Logan was silent, those hooded eyes watching her so intently she felt seared to her soul.
“Do you ever feel like that?” she whispered.
“Actually,” he said quietly, “I remember my mother more than I want to. I was so young when she left, yet every memory of her is indelibly imprinted on my mind. And, yes, that scares the hell out of me.”
Meadow held his gaze as an odd tightness gripped her throat, leaving her slightly breathless. She’d never felt more connected to another human being. It was both terrifying and comforting.
She lowered her eyes to take a long sip of her drink. “Did she tell you anything about your father? His name? Where he was from?”
Logan’s hand clenched on his thigh. She glanced up at him, seeing the hardness in his eyes before he looked away. “She didn’t talk about him much,” he said brusquely. “She told me his name was Lucien Brassard and he was from Ontario—”

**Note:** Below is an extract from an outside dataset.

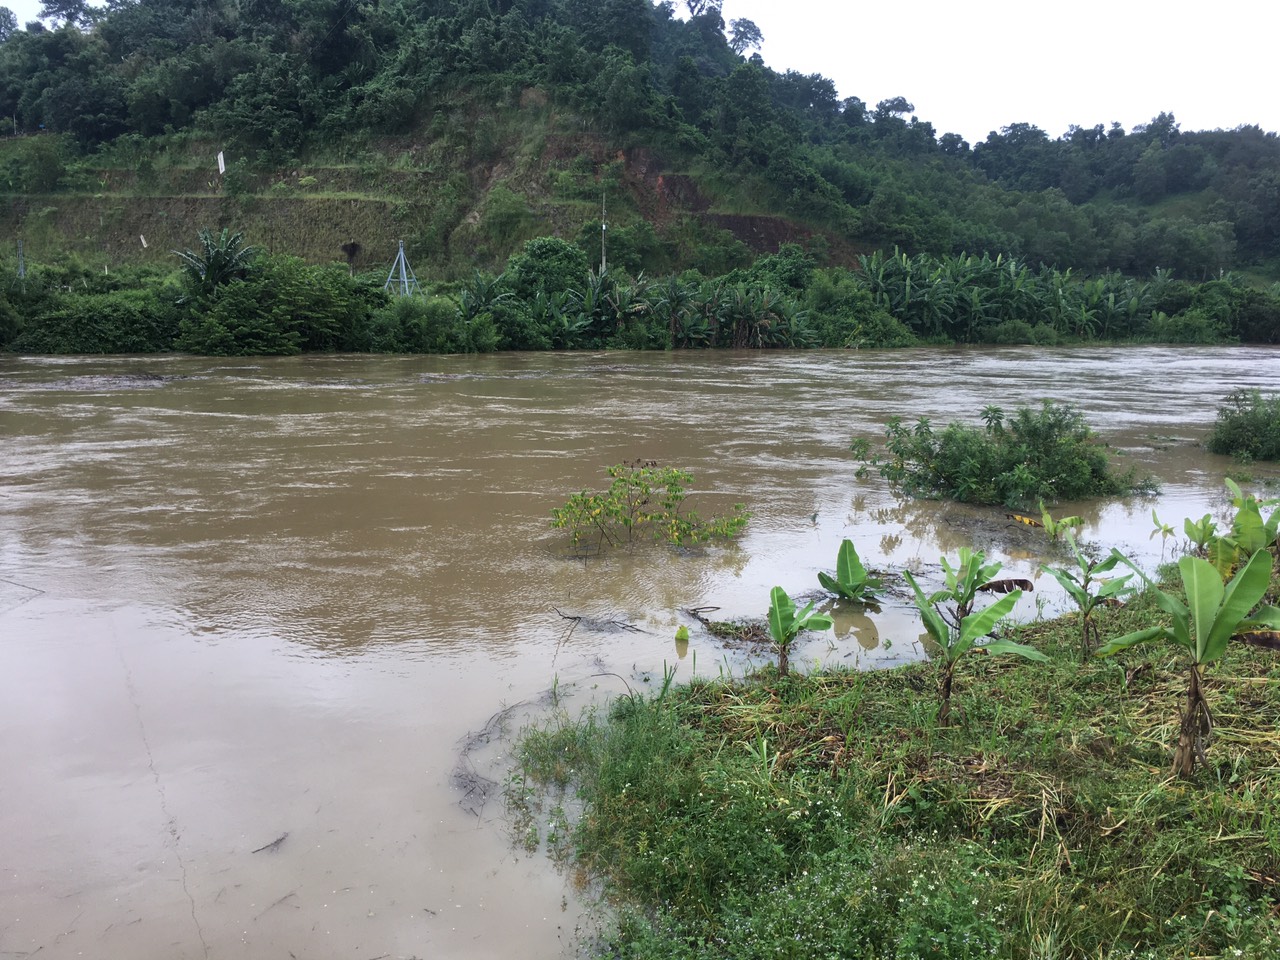 Bình Thuận: Mưa lớn gặp lúc hồ xả lũ hàng nghìn ha đất nông nghiệp bị ngập, thiệt hại hơn 15 tỷ đồng - Ảnh 2.

“Really? Your father was Canadian?”
Logan nodded curtly, staring down at the fire pit. “I was born in Toronto. That’s where my mother was going to school when she met my father. After she gave birth to me, she tried to get in touch with him one more time. She was hoping he’d take one look at me and do the right thing.” His lips twisted bitterly. “The son of a bitch wanted nothing to do with us. So she dropped out of school, went back home and got a job.”
Meadow’s heart swelled with compassion as she pictured his young mother, discarded and left to fend for herself. She could only imagine how scared and desperate she must have felt. So desperate that she would abandon her own child five years later.